DATA EXTRACT
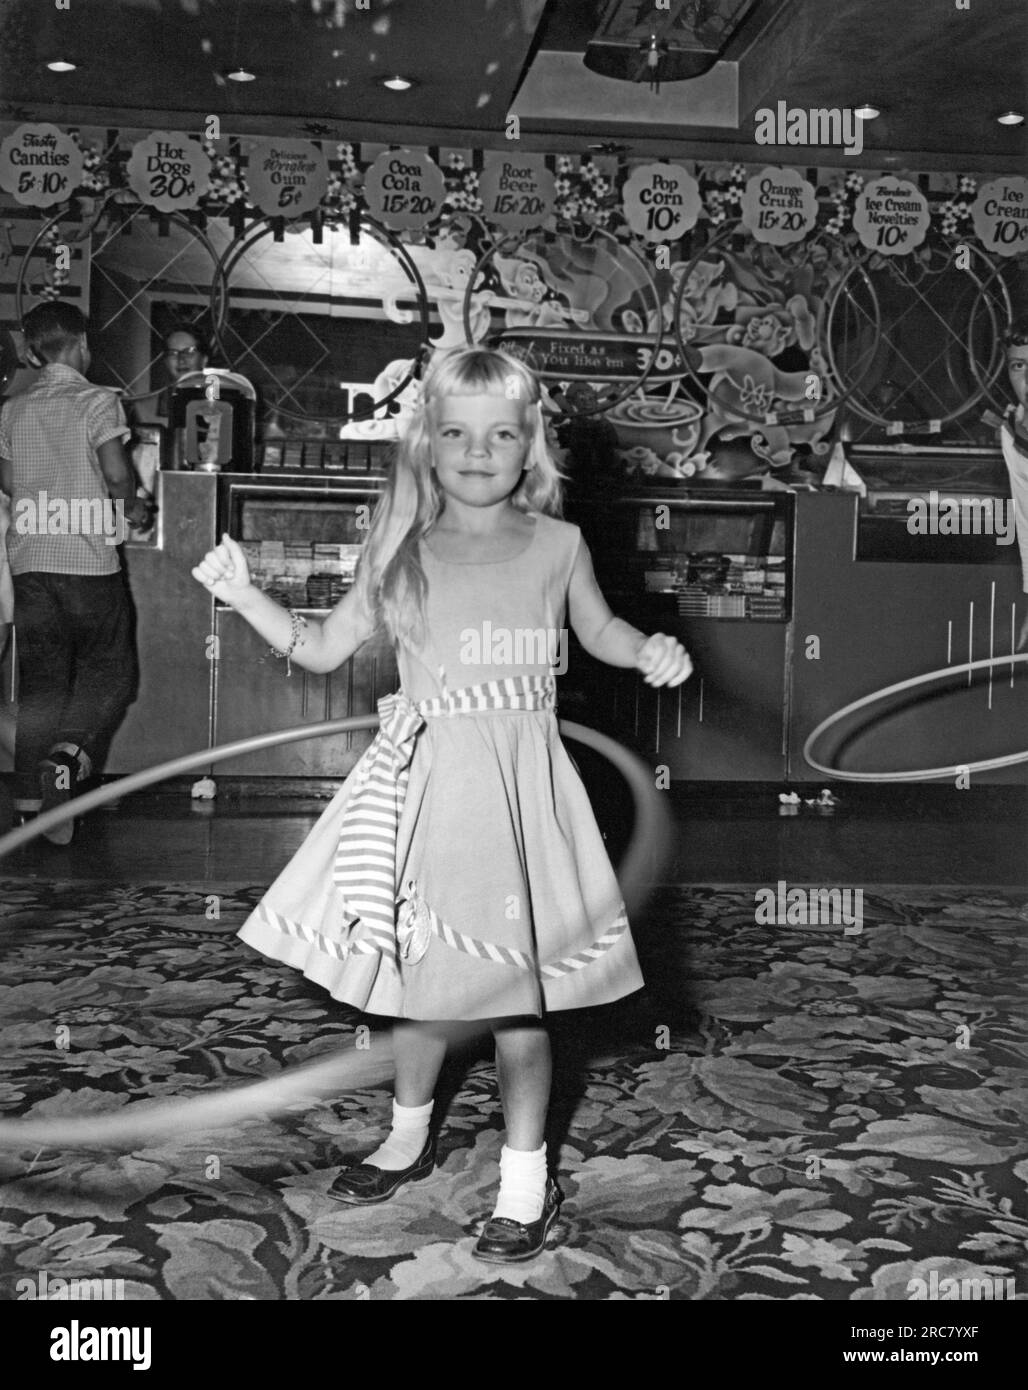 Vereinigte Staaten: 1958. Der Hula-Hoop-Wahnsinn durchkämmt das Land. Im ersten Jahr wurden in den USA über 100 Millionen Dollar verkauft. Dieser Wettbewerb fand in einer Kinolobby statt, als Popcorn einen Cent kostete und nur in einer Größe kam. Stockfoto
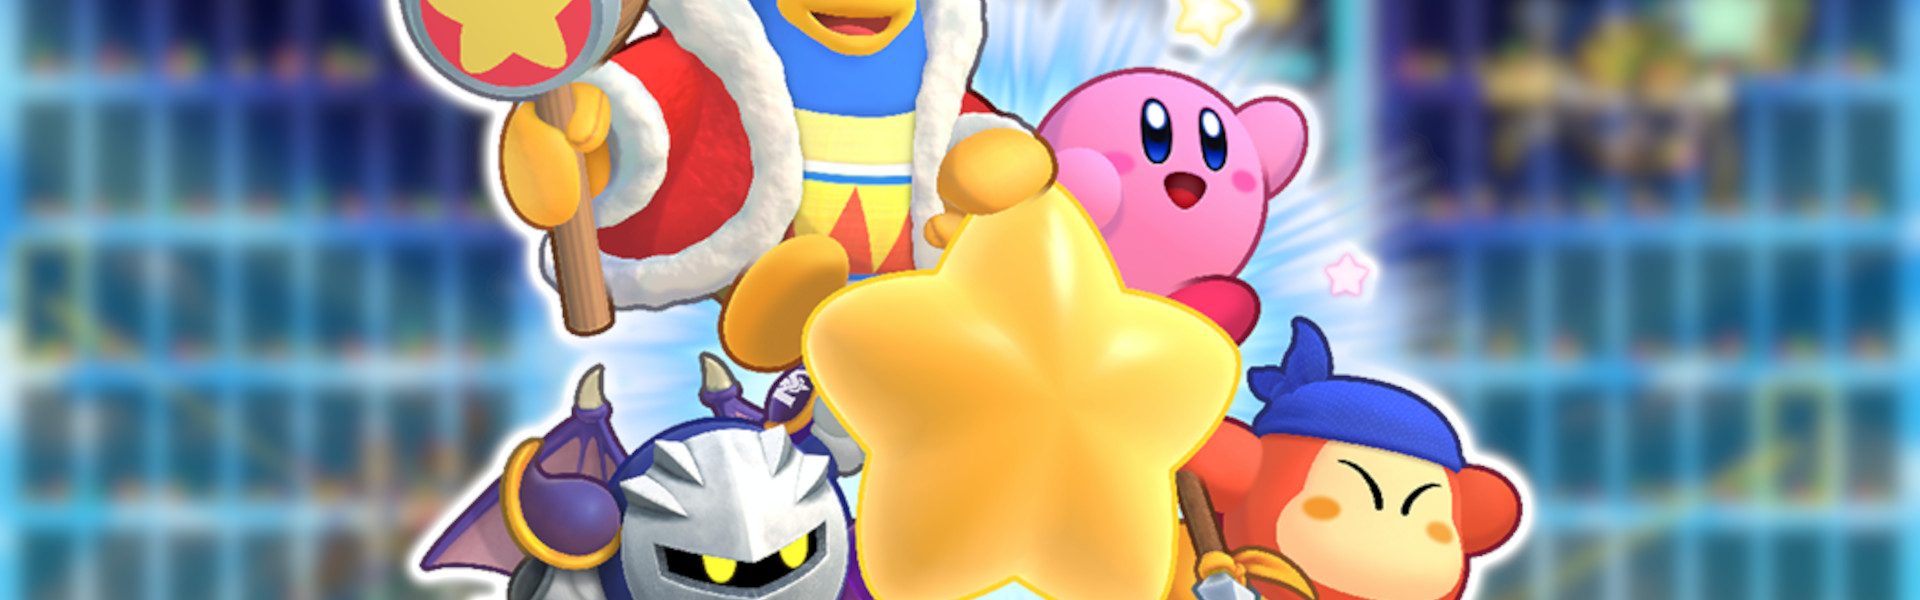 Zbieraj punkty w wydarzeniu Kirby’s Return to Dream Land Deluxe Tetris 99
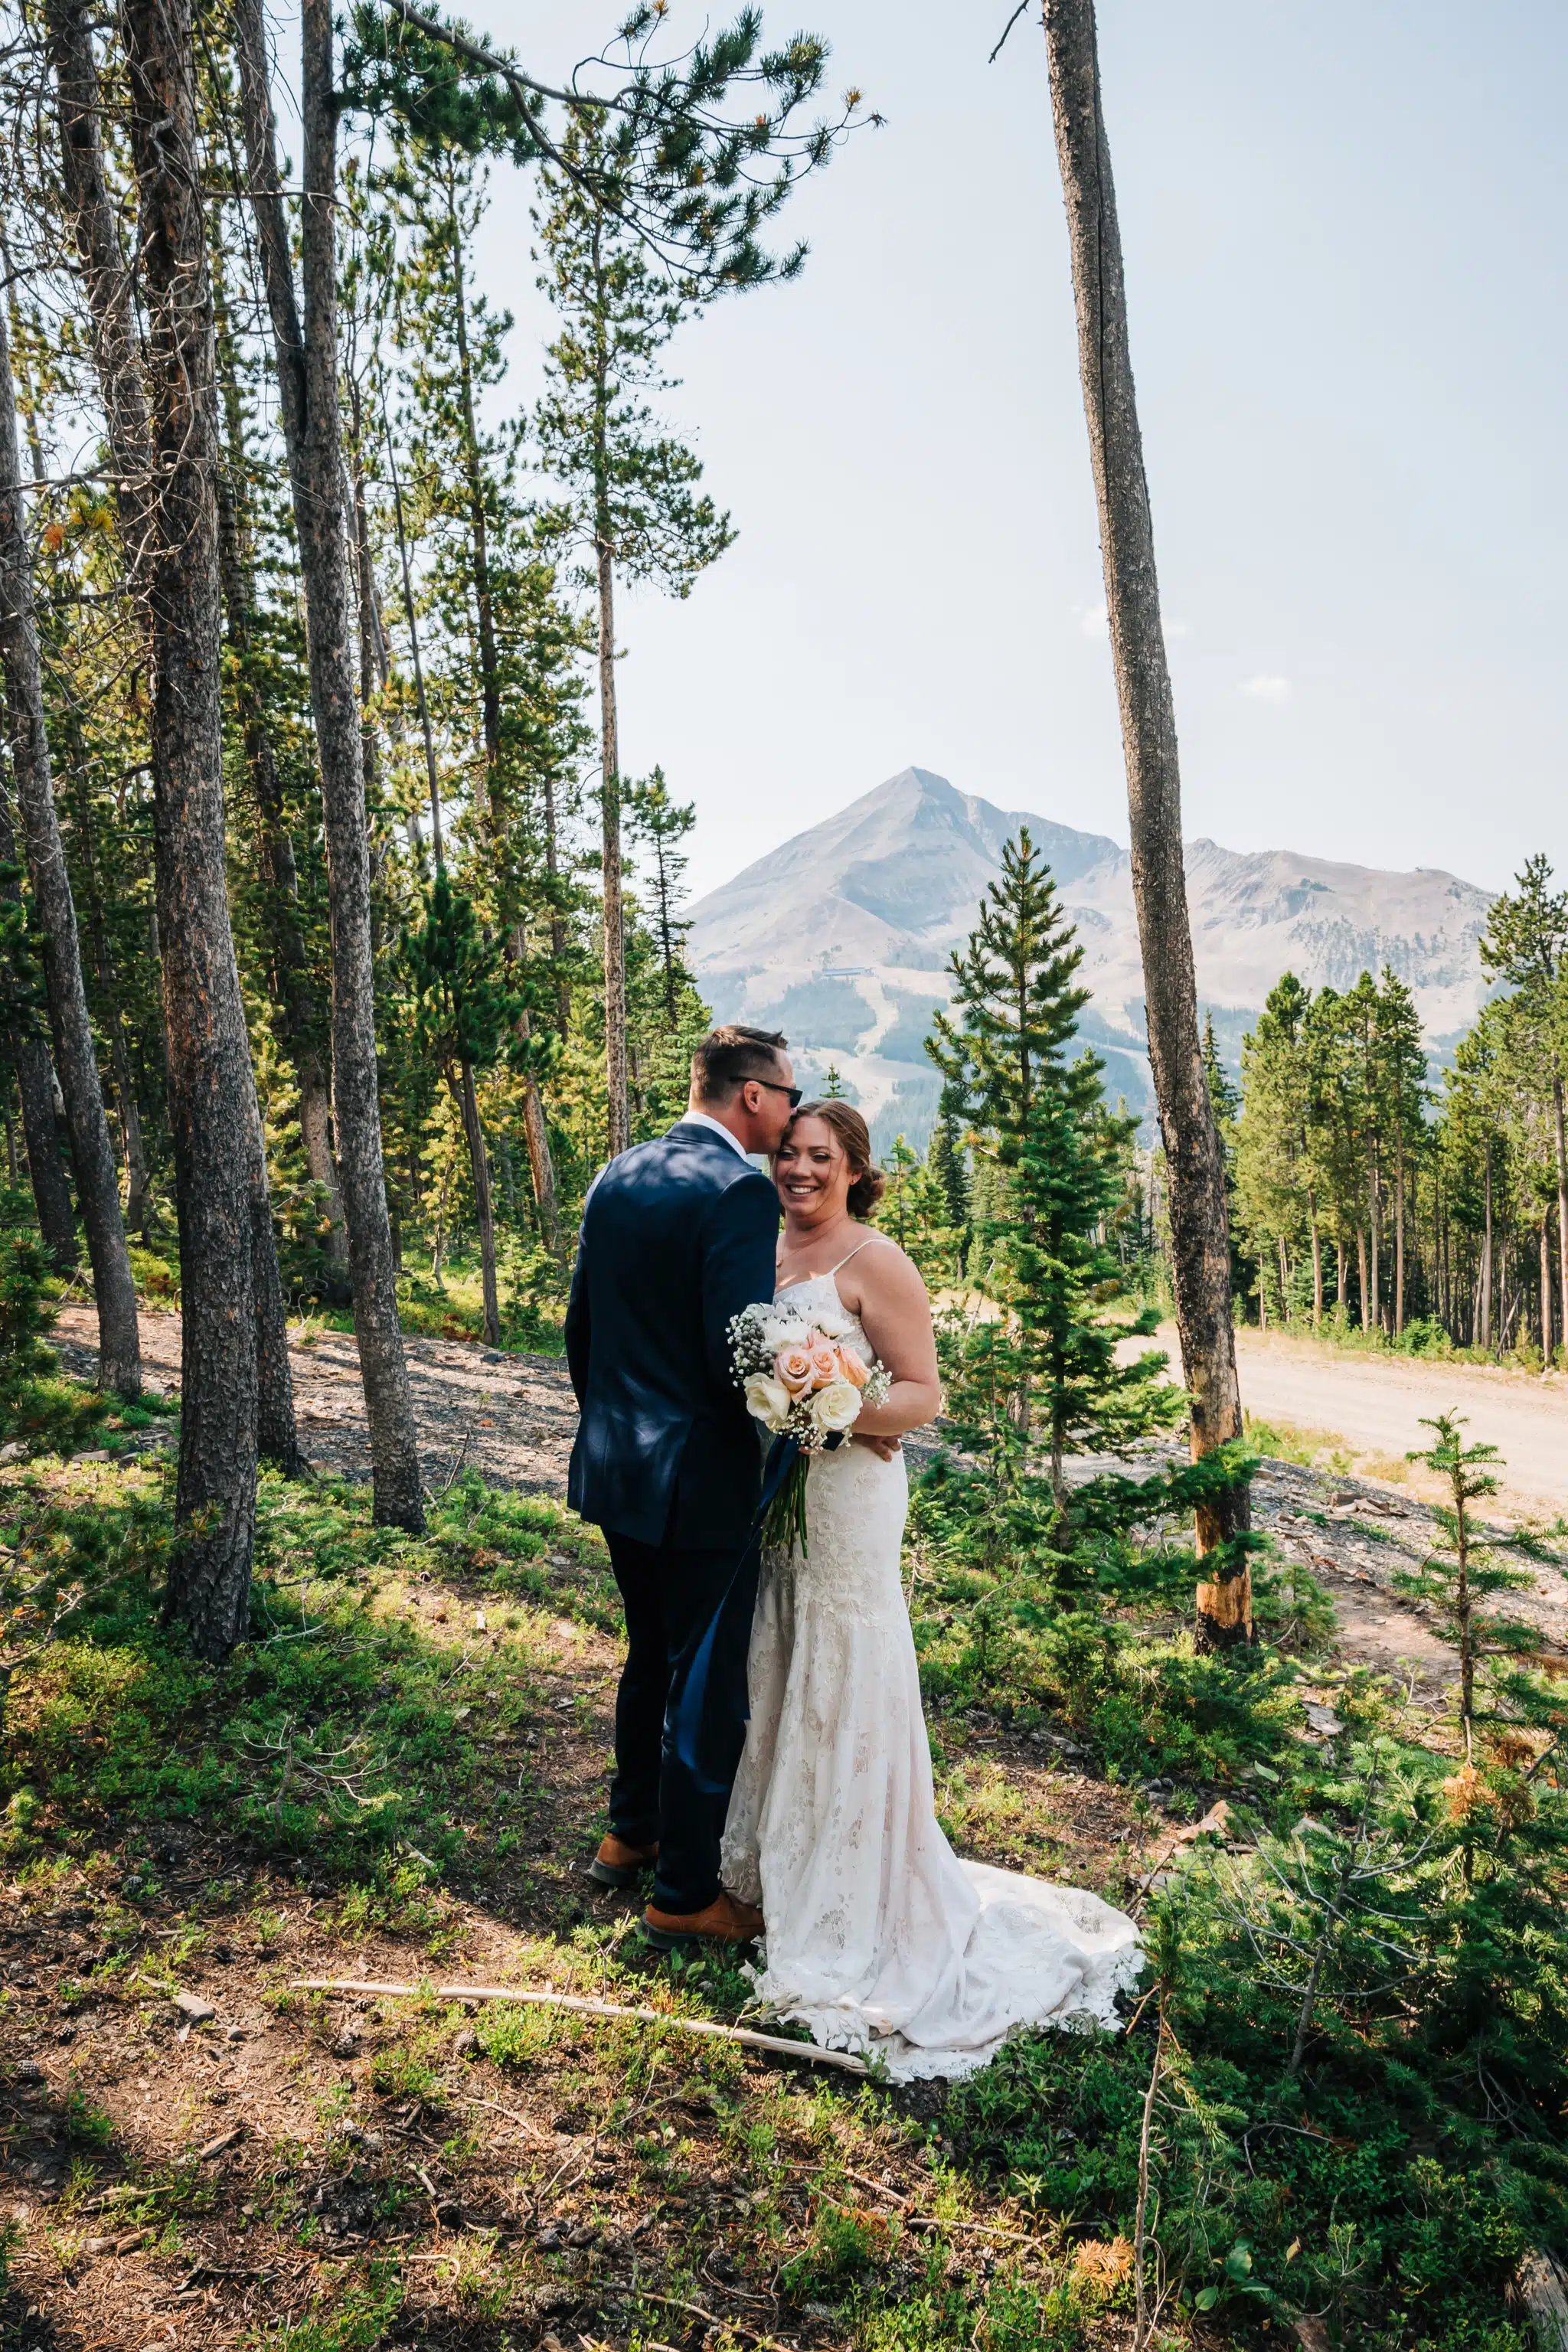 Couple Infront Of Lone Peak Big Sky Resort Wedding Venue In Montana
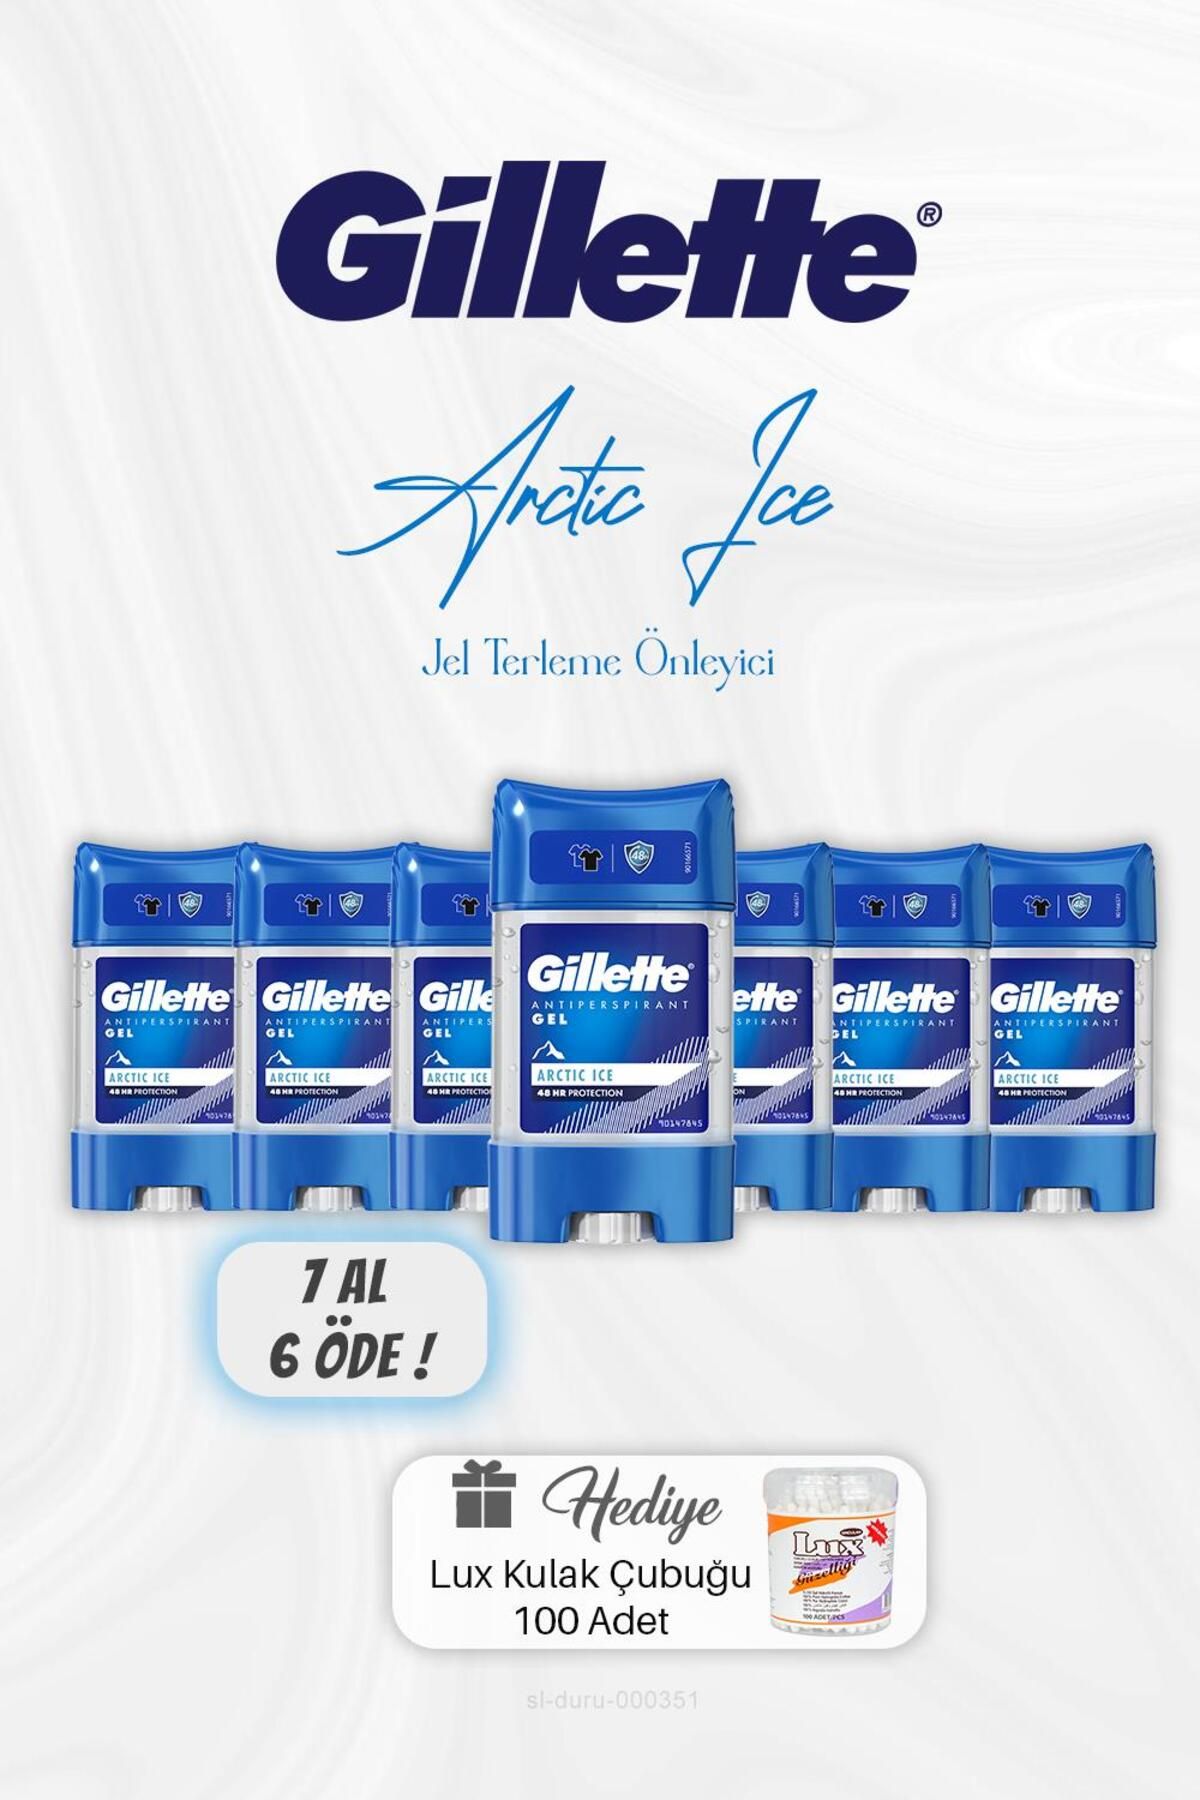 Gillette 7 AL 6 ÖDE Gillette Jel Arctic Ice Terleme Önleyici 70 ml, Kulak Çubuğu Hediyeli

YOUR OBJECTIVE
Reproduce every line of the material precisely, omitting its pictures.

EXERCISE RESPONSE
 Vereinigte Staaten: 1958. Der Hula-Hoop-Wahnsinn durchkämmt das Land. Im ersten Jahr wurden in den USA über 100 Millionen Dollar verkauft. Dieser Wettbewerb fand in einer Kinolobby statt, als Popcorn einen Cent kostete und nur in einer Größe kam. Stockfoto
 Zbieraj punkty w wydarzeniu Kirby’s Return to Dream Land Deluxe Tetris 99
 Couple Infront Of Lone Peak Big Sky Resort Wedding Venue In Montana
 Gillette 7 AL 6 ÖDE Gillette Jel Arctic Ice Terleme Önleyici 70 ml, Kulak Çubuğu Hediyeli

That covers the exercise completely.